----- MATERIAL PROVIDED -----
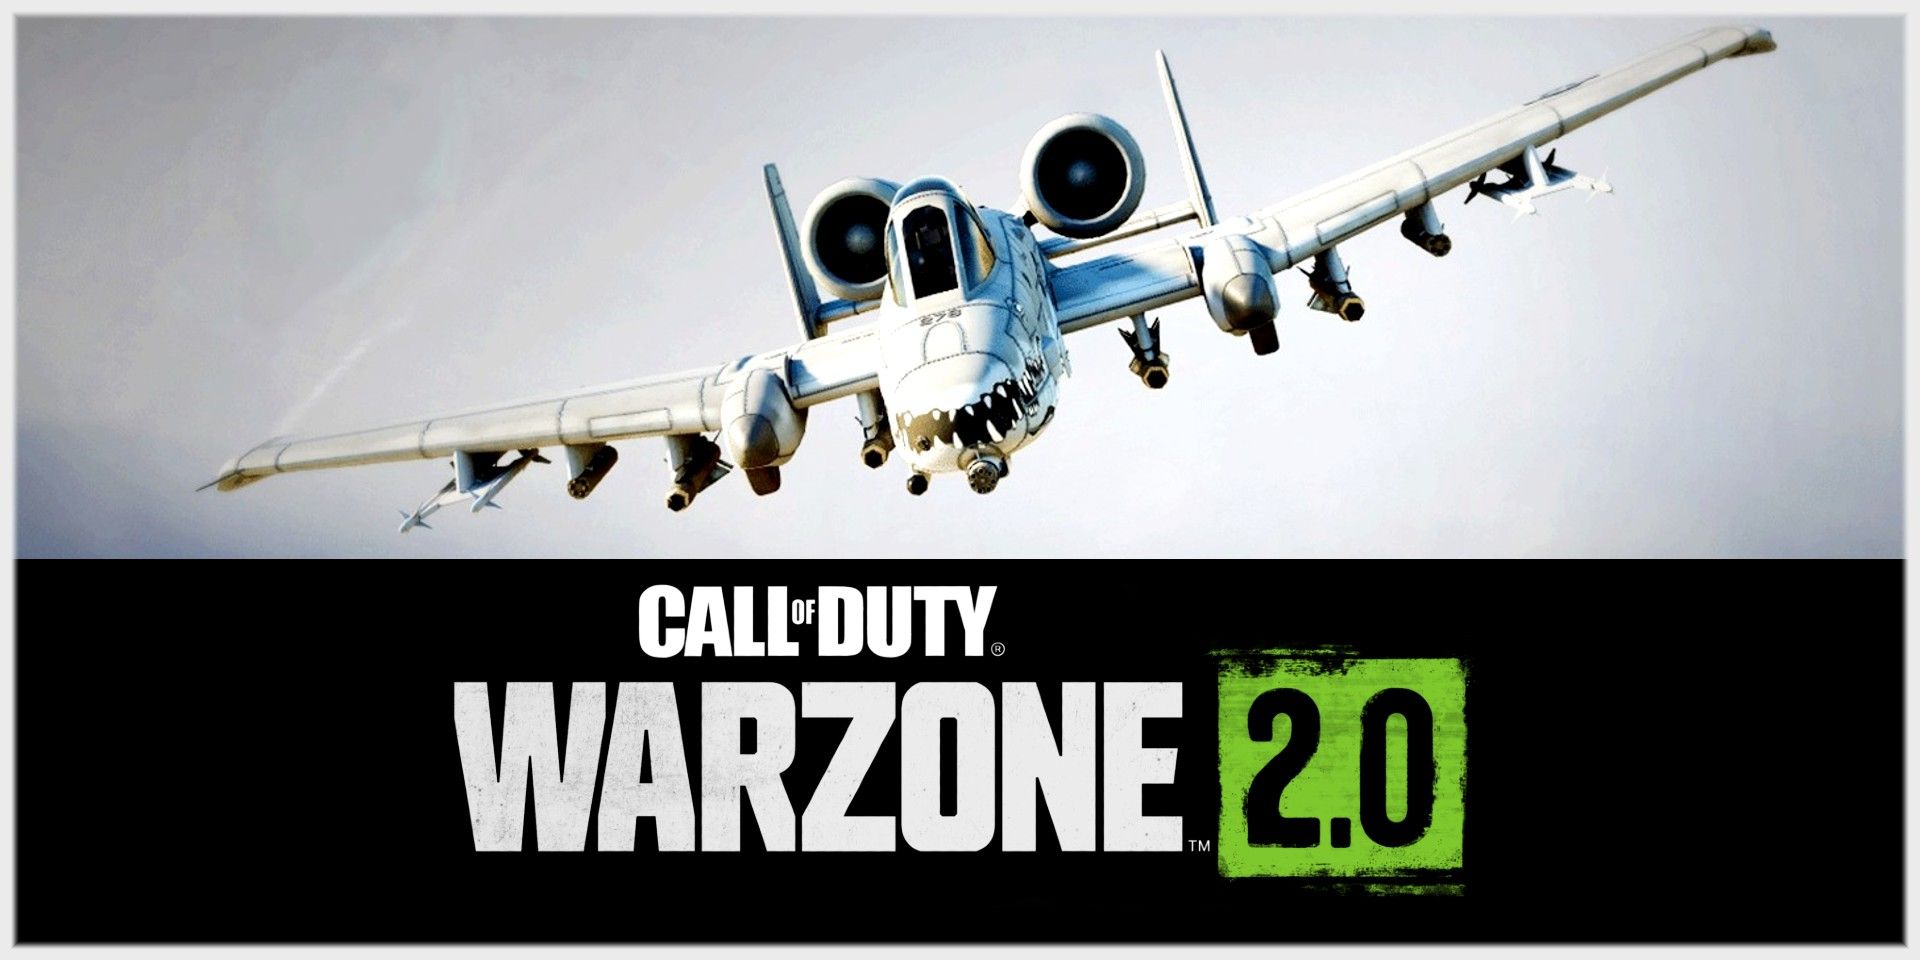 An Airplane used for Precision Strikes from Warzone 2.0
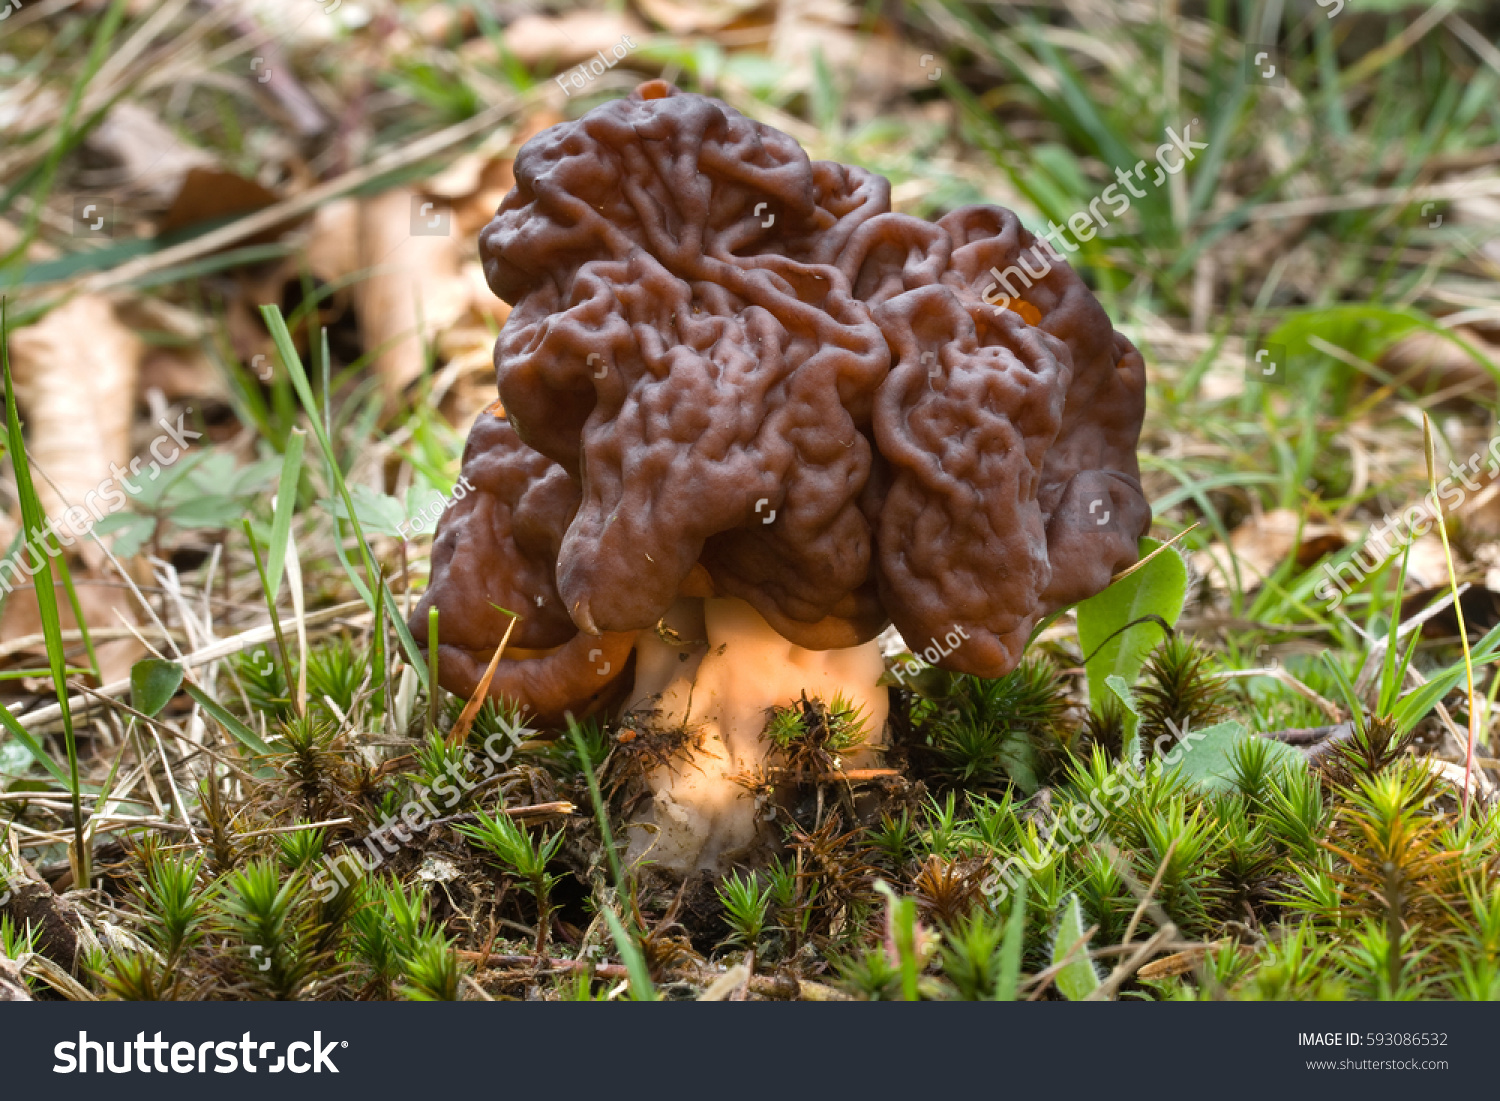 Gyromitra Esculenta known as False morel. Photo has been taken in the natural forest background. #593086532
-----
----- MATERIAL PROVIDED -----
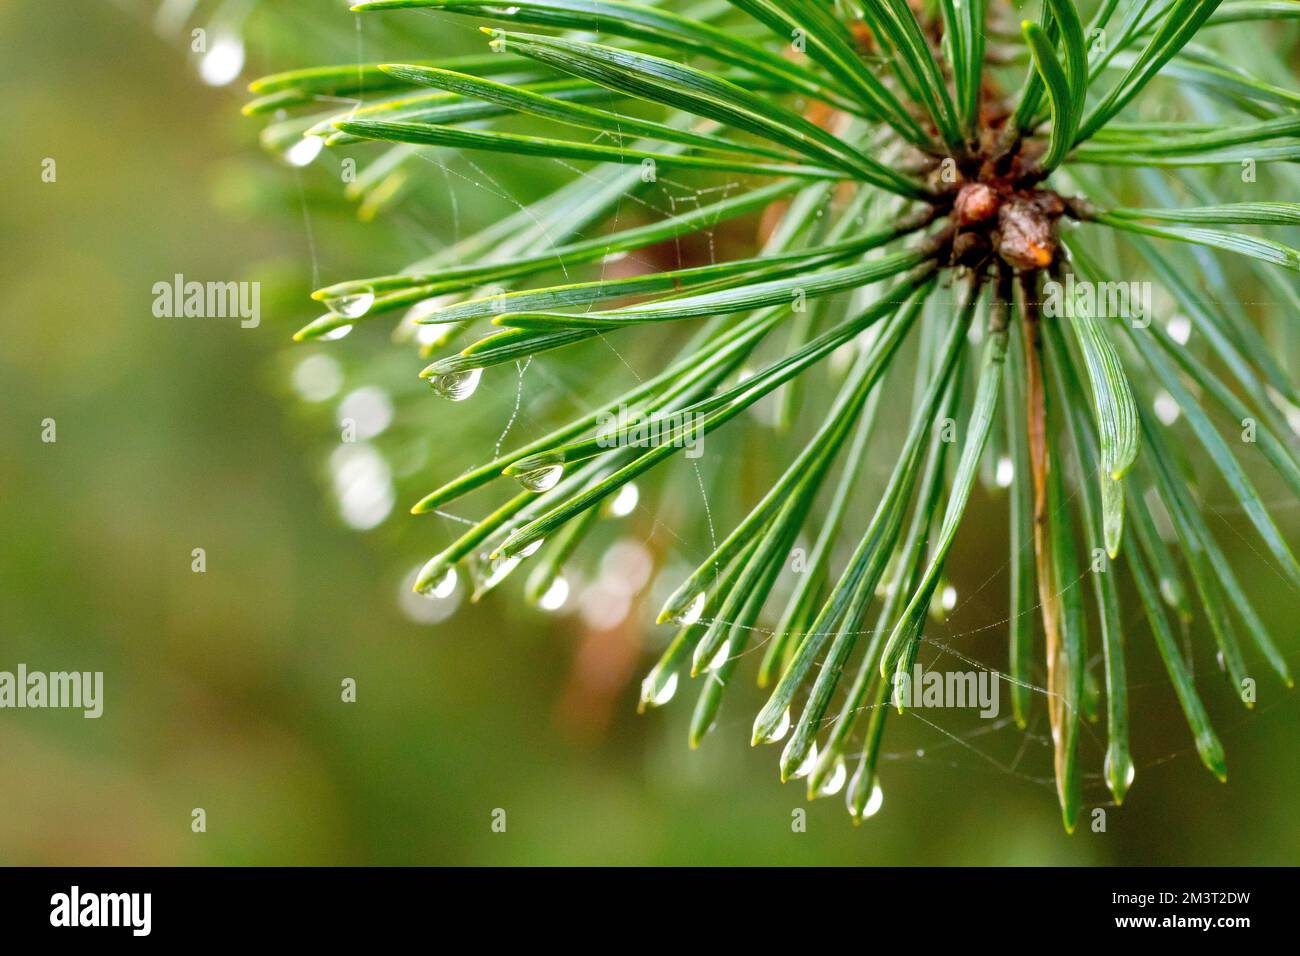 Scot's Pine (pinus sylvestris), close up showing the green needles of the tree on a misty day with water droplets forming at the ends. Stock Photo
-----
WORK REQUEST
When you reach the line with "An Airplane used" in the records above, start writing out each line exactly, and stop after the line with "Gyromitra Esculenta known". Pictures stay out.

SOLUTION
 An Airplane used for Precision Strikes from Warzone 2.0
 Gyromitra Esculenta known as False morel. Photo has been taken in the natural forest background. #593086532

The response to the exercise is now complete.